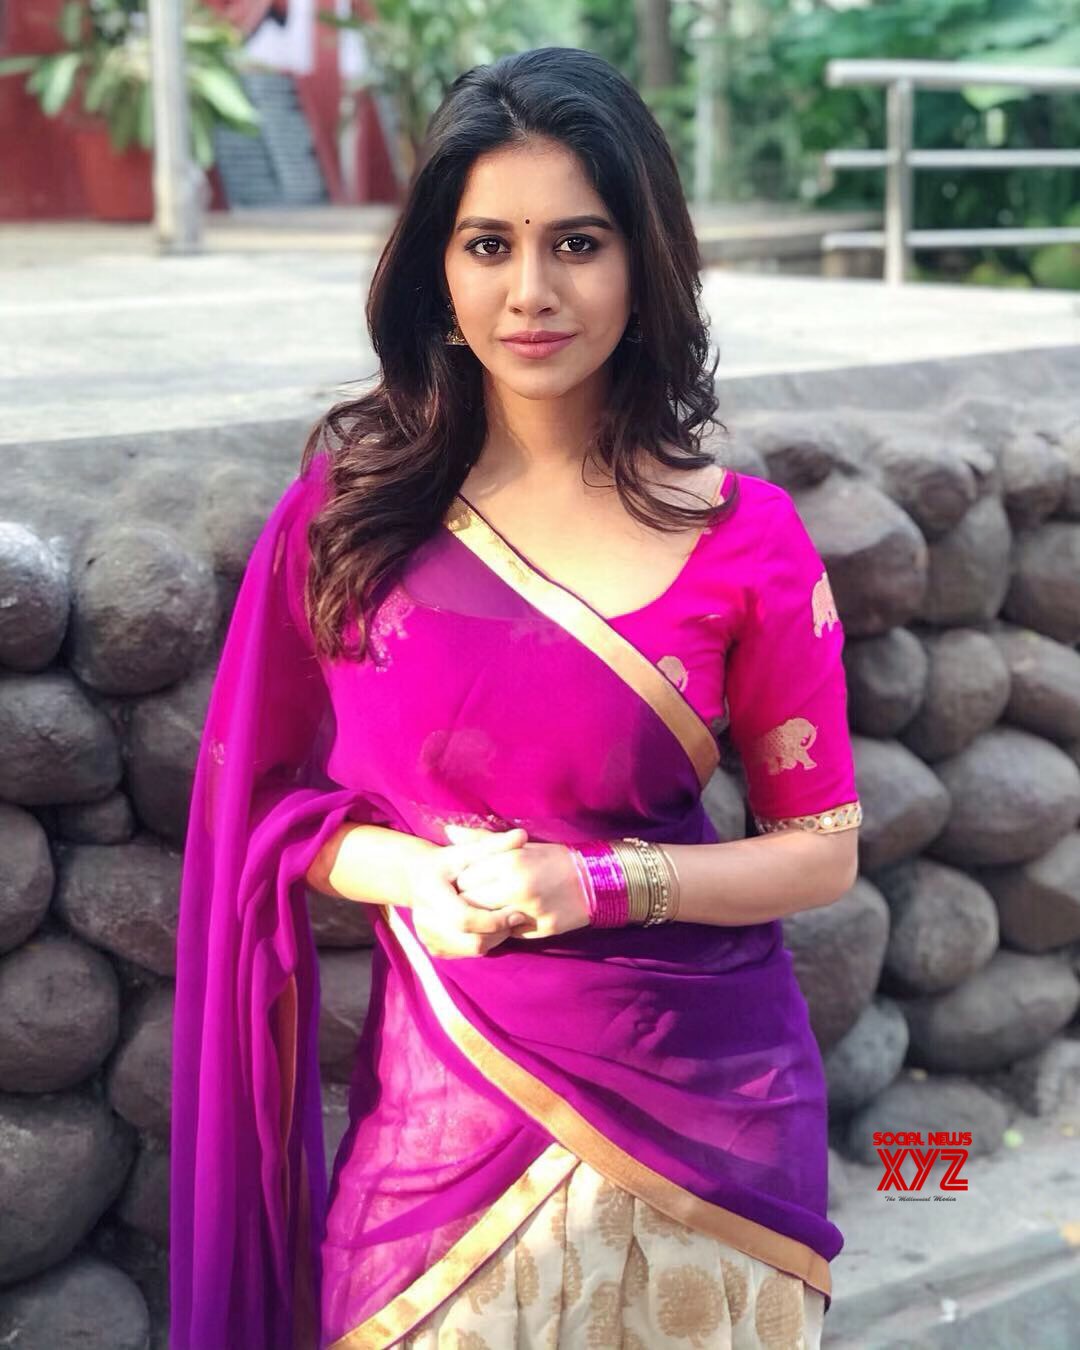 Actress Nabha Natesh Hot Stills In Half Saree - Social News XYZ
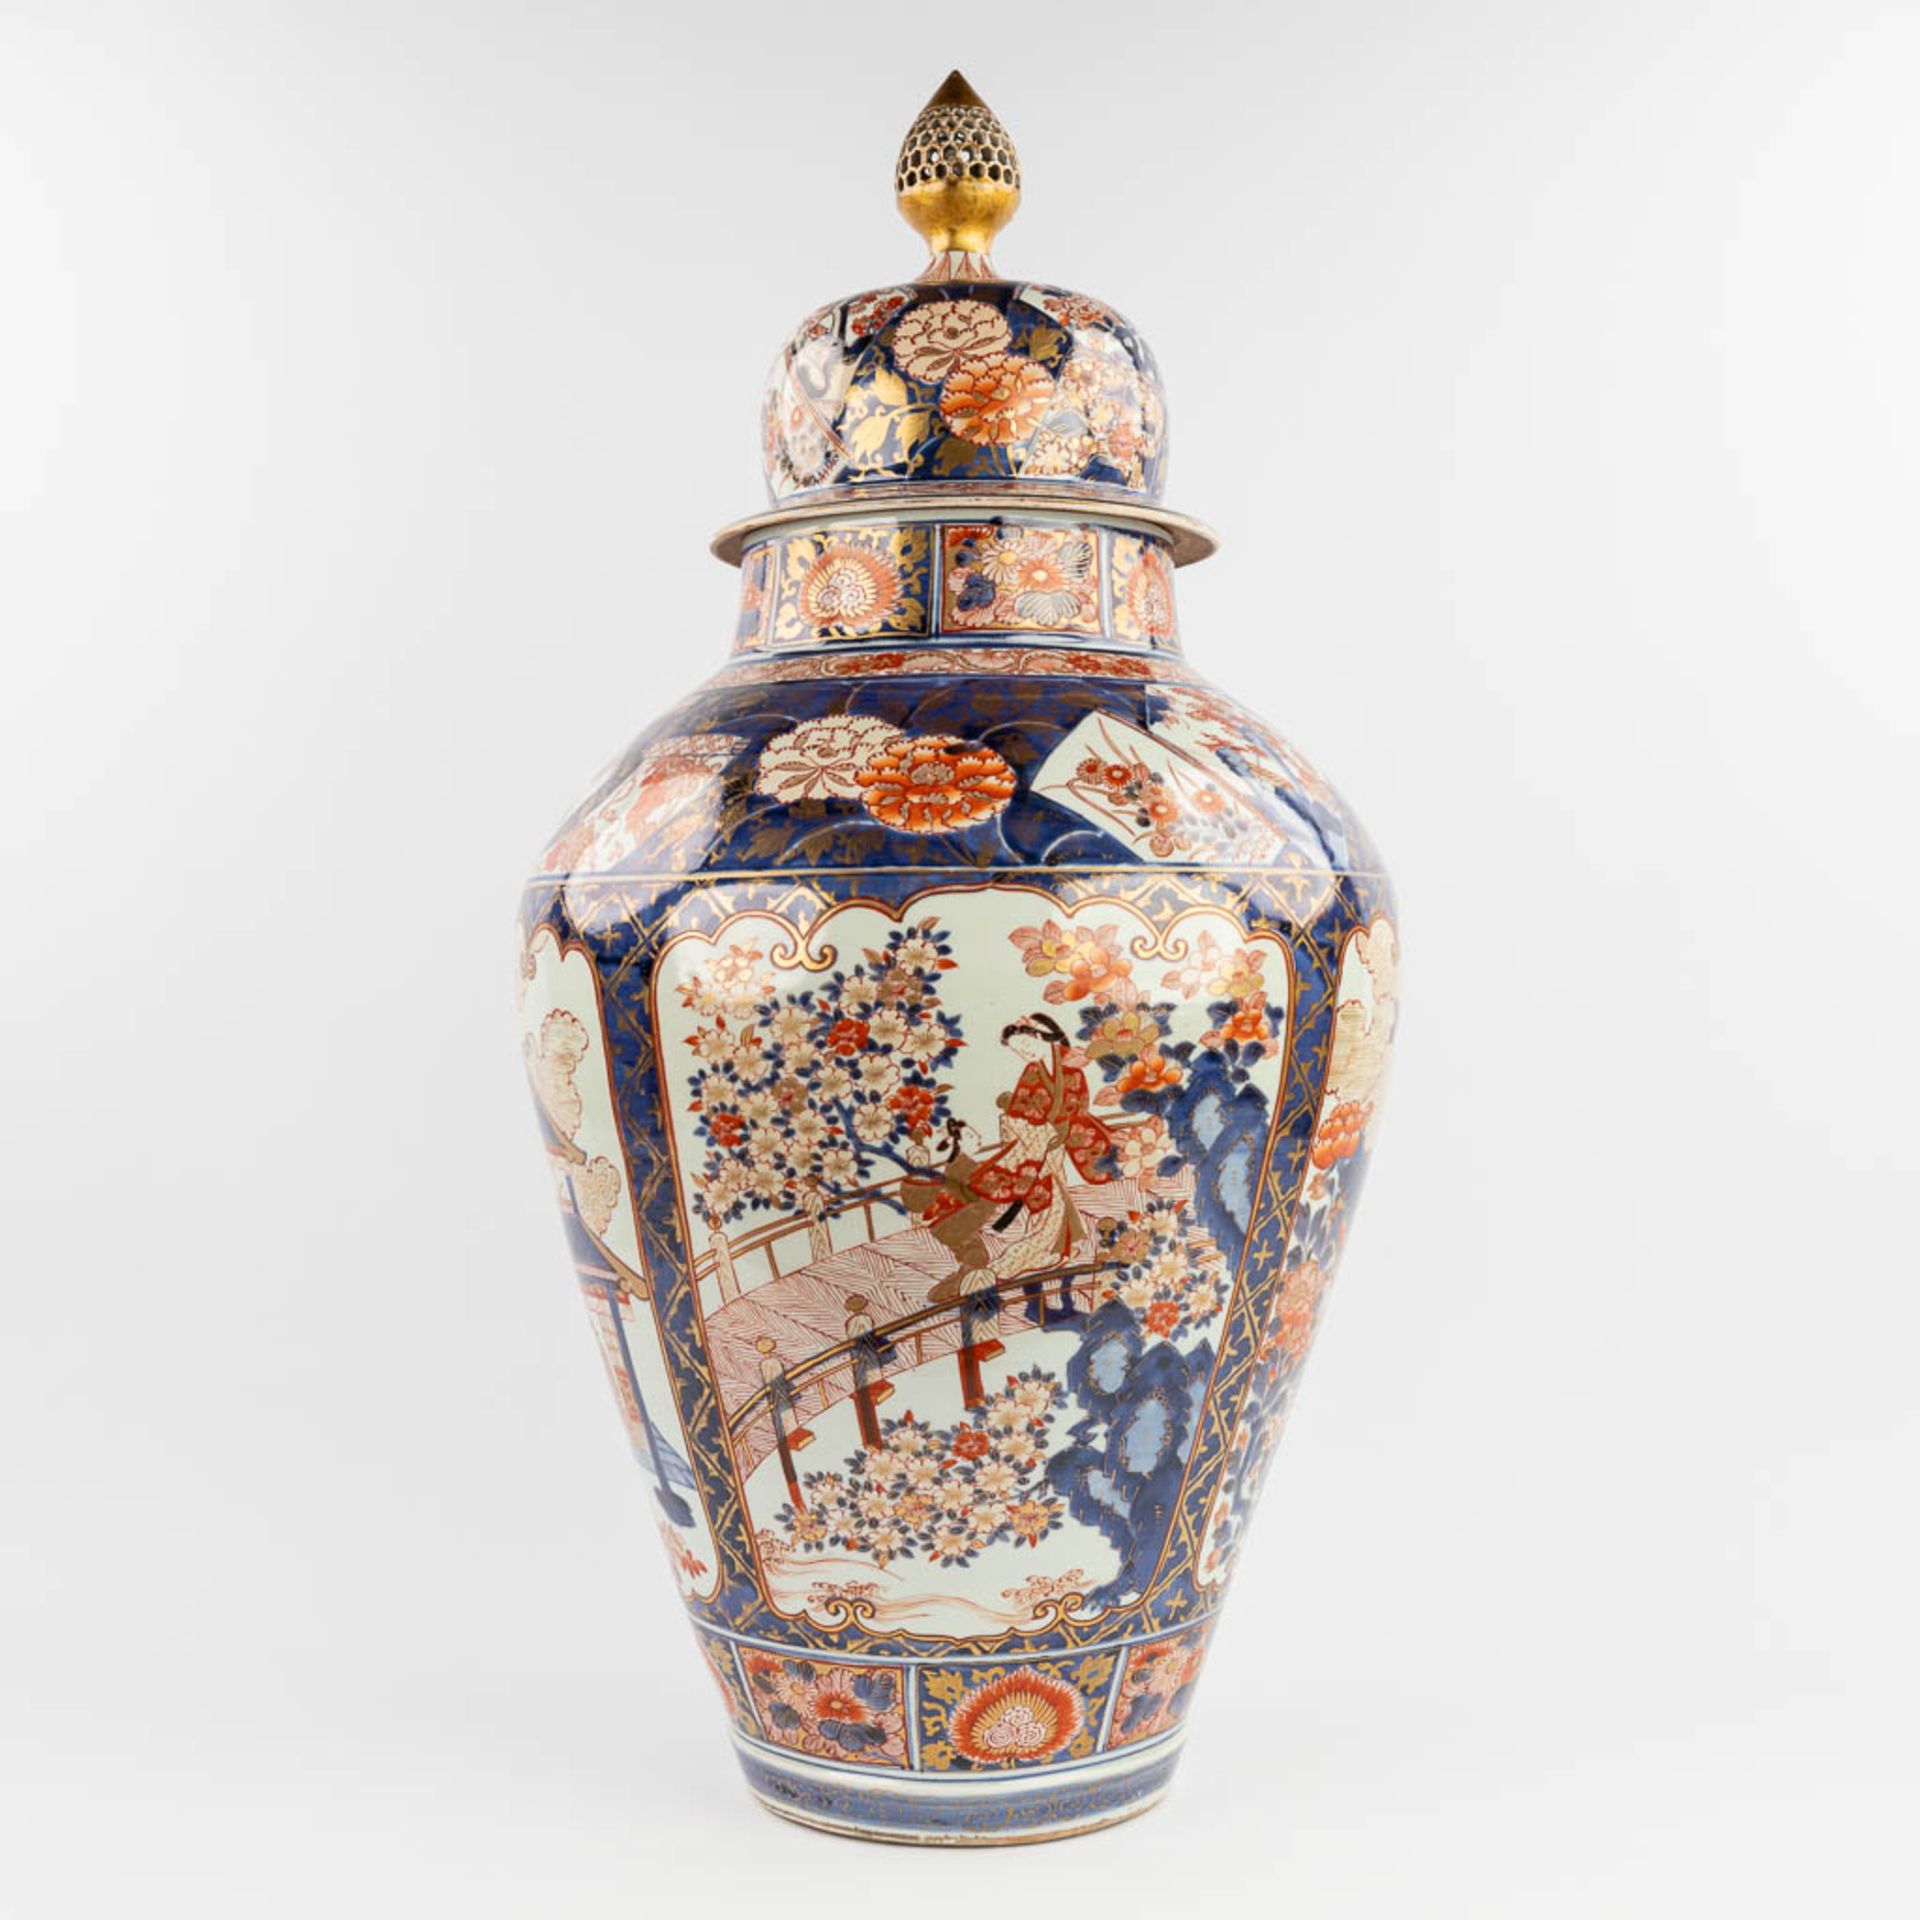 A large vase with lid, Imari porcelain, 19th century. (H: 87 x D: 39 cm)
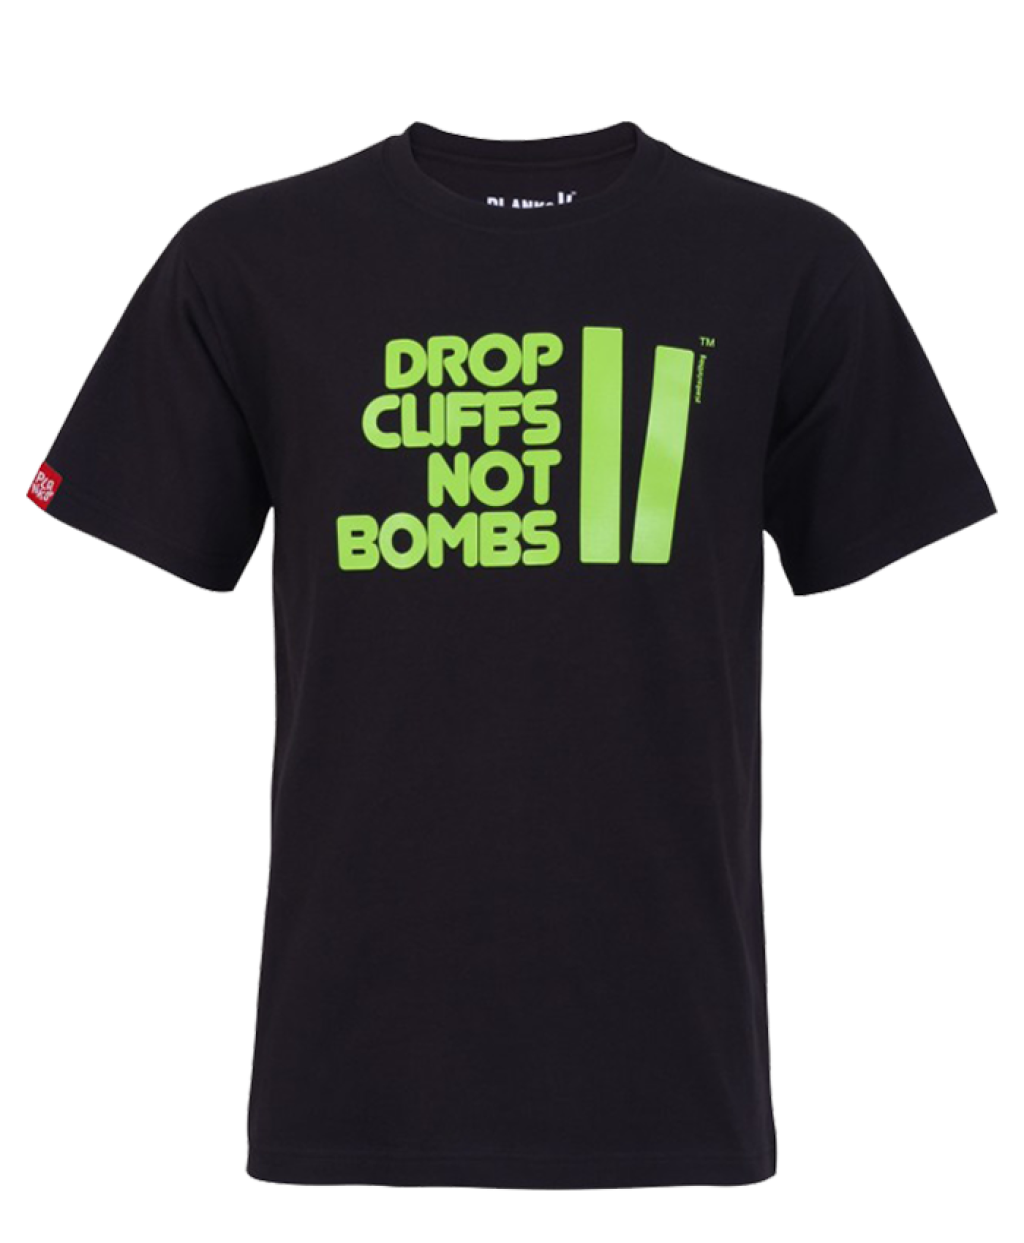 Drop Cliffs not Bombs T-Shirt in der Version von Planks Clothing
============================================================
**PROBLEM DESCRIPTION**. The answer must consist solely of the lines from the line containing "A large vase" to the end of the data, reproduced exactly, with every picture left out.

**ANSWER SECTION**.
 A large vase with lid, Imari porcelain, 19th century. (H: 87 x D: 39 cm)
 Drop Cliffs not Bombs T-Shirt in der Version von Planks Clothing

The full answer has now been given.